Hegseth also said the US Army would soon conduct “its first live-fire test of its mid-range capability system in Australia.” This would be “the first time that system is fired west of the International Date Line, the first time it’s been tested on foreign soil. Deployments like this represent a commitment to the region, and there are many more planned.”
Hegseth’s pronouncements were accompanied by unsubstantiated accusations by President Trump that China had breached a deal to temporarily pause US anti-China tariffs of up to 145 percent, an effective embargo on Chinese imports.
“China, perhaps not surprisingly to some, HAS TOTALLY VIOLATED ITS AGREEMENT WITH US. So much for being Mr. NICE GUY!,” Trump said in a post on his Truth Social platform.
Trump did not specify how China had violated the agreement or what action he would take against Beijing.
Kevin Hassett, White House chief economic adviser, interviewed on Sunday morning on ABC (US), spelled out the direct connection between the latest expanded US steel tariffs and war plans. He said an American steel industry was essential “because if we have cannons but not cannonballs, then we can’t fight a war.”
The Chinese government protested Hegseth’s speech. A Chinese foreign ministry statement condemned his claim that China was trying to become a “hegemonic power” in the region. “No country in the world deserves to be called a hegemonic power other than the US itself, who is also the primary factor undermining the peace and stability in the Asia-Pacific,” it said.
“The United States has deployed offensive weapons in the South China Sea, fanned the flames, and created tensions in the Asia-Pacific region, turning the Asia-Pacific region into a ‘powder keg,’ causing deep concern among regional countries.” The ministry accused Hegseth of “playing with fire” on “the Taiwan question.”
The huge Talisman Sabre exercise in Australia underscores the Albanese Labor government’s acceleration of the transformation of that country into a platform for war against China.
Hegseth later released a statement publicly asking the Labor government to lift its military spending to 3.5 percent of GDP “as soon as possible.” Hegseth said he conveyed the message to Australian Deputy Prime Richard Marles in a meeting at the Shangri-La Dialogue.
Marles had earlier said the Albanese government was “up for” a “conversation” with the Trump administration on the issue. Fearing a public outcry, Australian Prime Minister Anthony Albanese initially sought to downplay the US demand, telling the Australian Broadcasting Corporation: “We’ll determine our defense policy, and we’ve just invested across the [four-year] forwards an additional $10 billion on defense.”
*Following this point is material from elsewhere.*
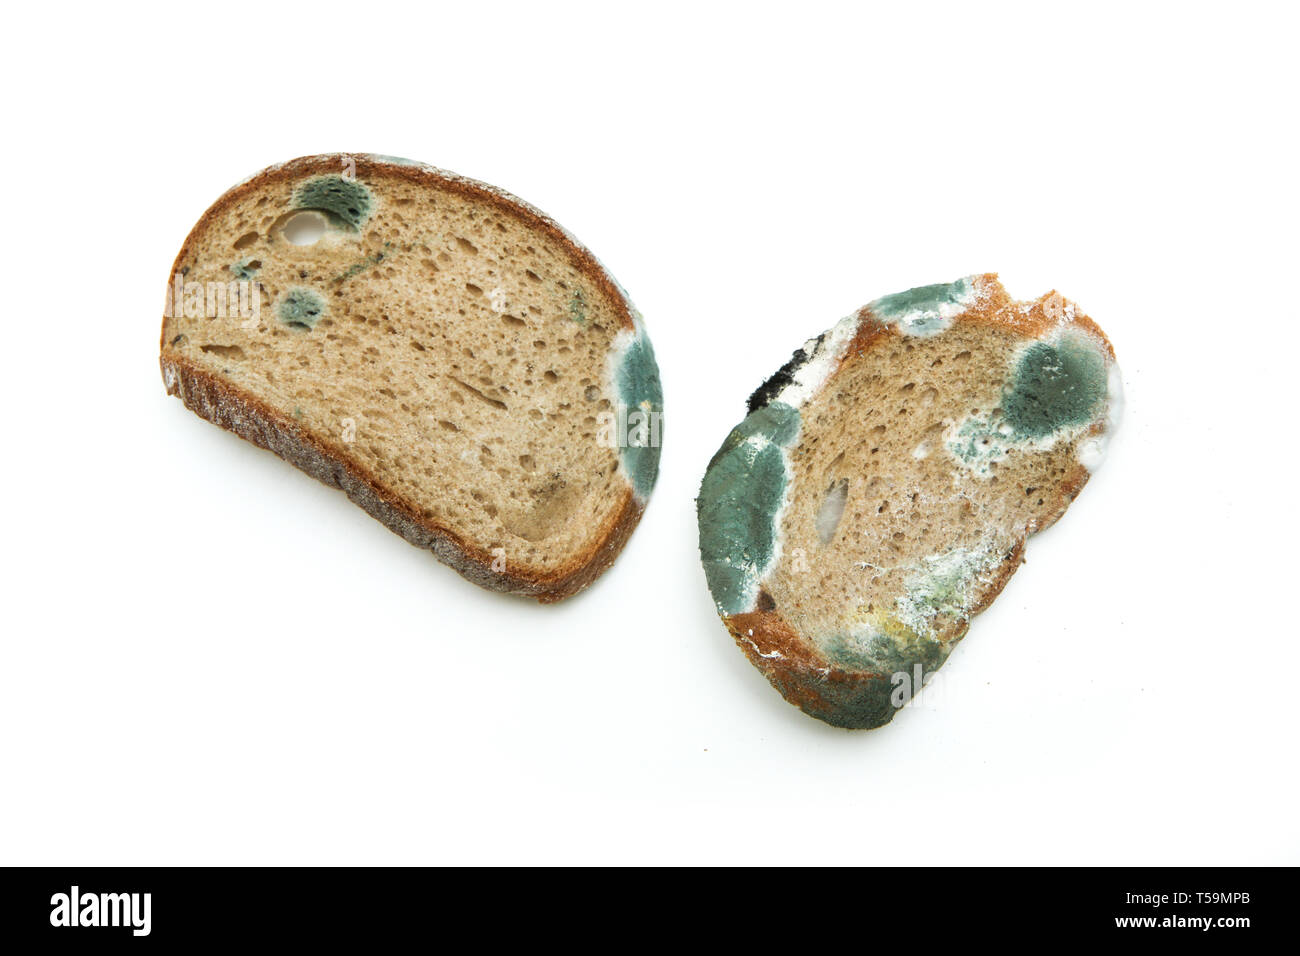 Das Bild eines verschimmeltes Brot. Morsch und ungenießbar. Auf weissem Hintergrund. Stockfoto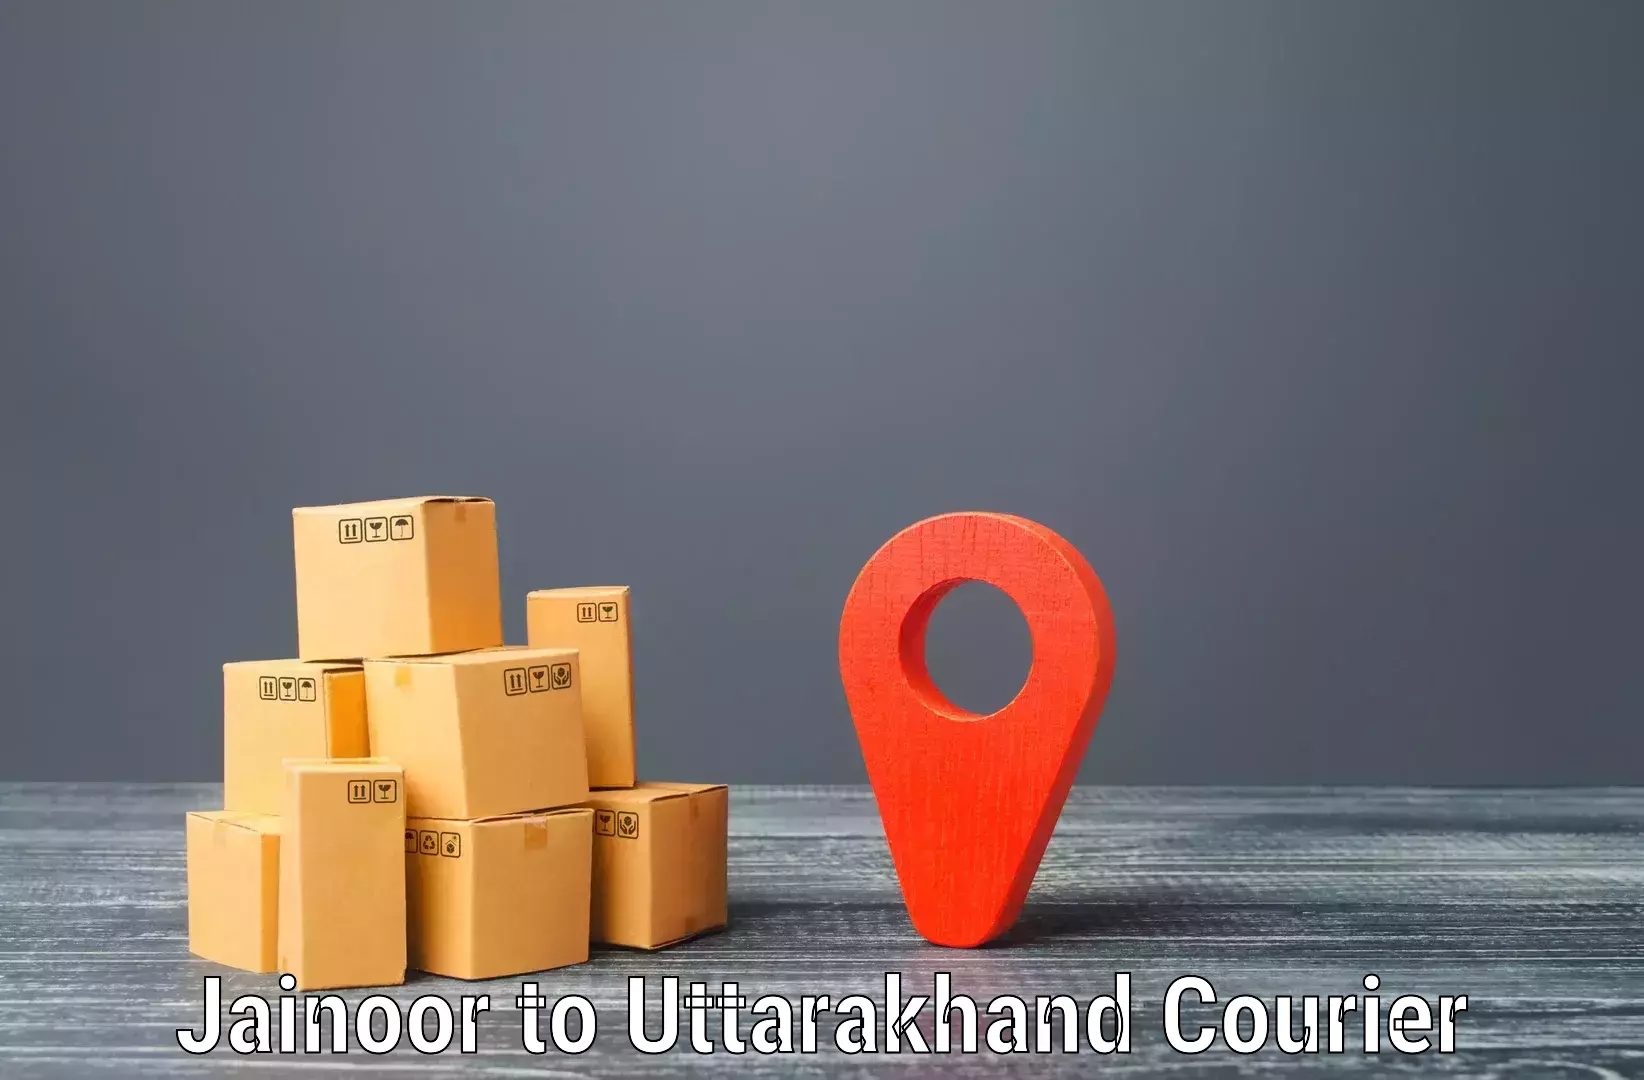 Urgent courier needs Jainoor to Rudrapur

That is not enough as far as Washington is concerned, however. The Trump administration’s demand requires quickly lifting military outlays from about 2 percent—or from $56 billion to $98 billion annually based on this year’s allocation.
That illustrates the scale of the war preparations being insisted upon across the entire Indo-Pacific region, at the inevitable expense of the social programs, living conditions, and lives of the working class, which will fuel convulsive workers’ struggles.
The threat of a cataclysmic world war can be defeated only by unifying these struggles on a global scale against all the governments and the capitalist profit system itself, in the fight for world socialism.